À la veille de la destruction de la maison de mes grands-parents en vue d’un projet d’urbanisme, j’ai tenté de rassembler autant de souvenirs que possible pour en apprendre davantage sur eux. Les photographies qui sont à l’origine de cette série sont des documents familiaux, portraits, photos de vacances pris dans les années 50, que j’ai retrouvés sous la forme de négatifs.
Je me suis alors penché sur chacun d’eux. Par dépit, frustration, et peur de perdre ces traces de vie que mes grands-parents n’avaient jamais partagées avec moi, j’ai commencé à intervenir sur ces photos.
Progressivement, j’ai recouvert, camouflé les visages et les corps des personnes présentes sur les photos, jusqu’à une totale disparition. Paradoxalement, l’intervention numérique que j’ai effectuée sur ces photos, la dissimulation de ces personnes, a été un moyen d’inscrire ces portraits dans ma mémoire.

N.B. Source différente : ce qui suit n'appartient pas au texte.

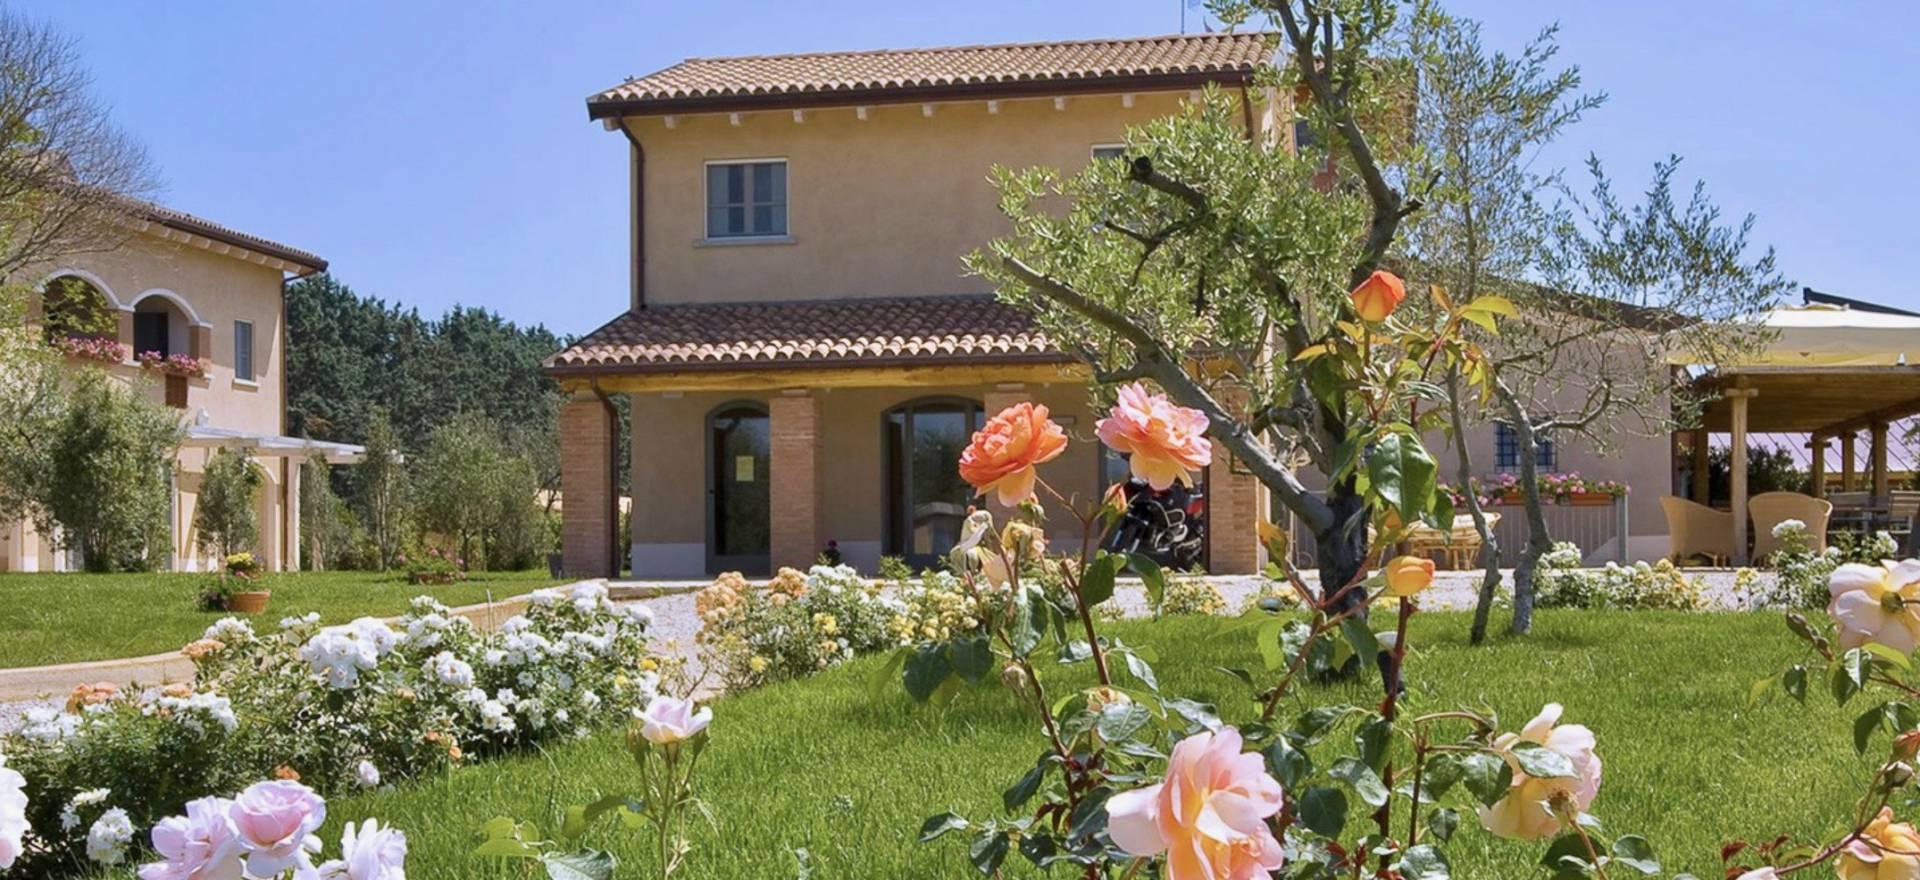 Agriturismo Toscana Agriturismo di lusso in Toscana, vicino alla spiaggia

Il s’agit pour moi d’un enterrement symbolique. Il ne reste au spectateur qu’à être attentif pour déceler des silhouettes fantomatiques, je serai le dernier dépositaire des compositions originelles.
Chaque image est accompagnée d’un cartel où figurent des noms fictifs correspondant au nombre de personnes qui figuraient à l’origine sur la photo. Des dates fictives sont mentionnées et correspondent à l’époque des prises de vue, proposant une histoire à récréer de toutes pièces.
La notion de trace ne peut exister sans celle d’absence. C’est cette trace (au travers de l’absence) qui m’intéresse, quels résidus, physiques ou «moraux» l’homme laisse t-il derrière lui ? De quelle manière cette trace conditionne t-elle la suite ? La trace découle forcement d’une action, d’un événement ou d’une présence. C’est ce que je m’attache à rendre. Le médium photographique est le plus représentatif de cette marque. Il est l’illustration presque parfaite du « ça a été ».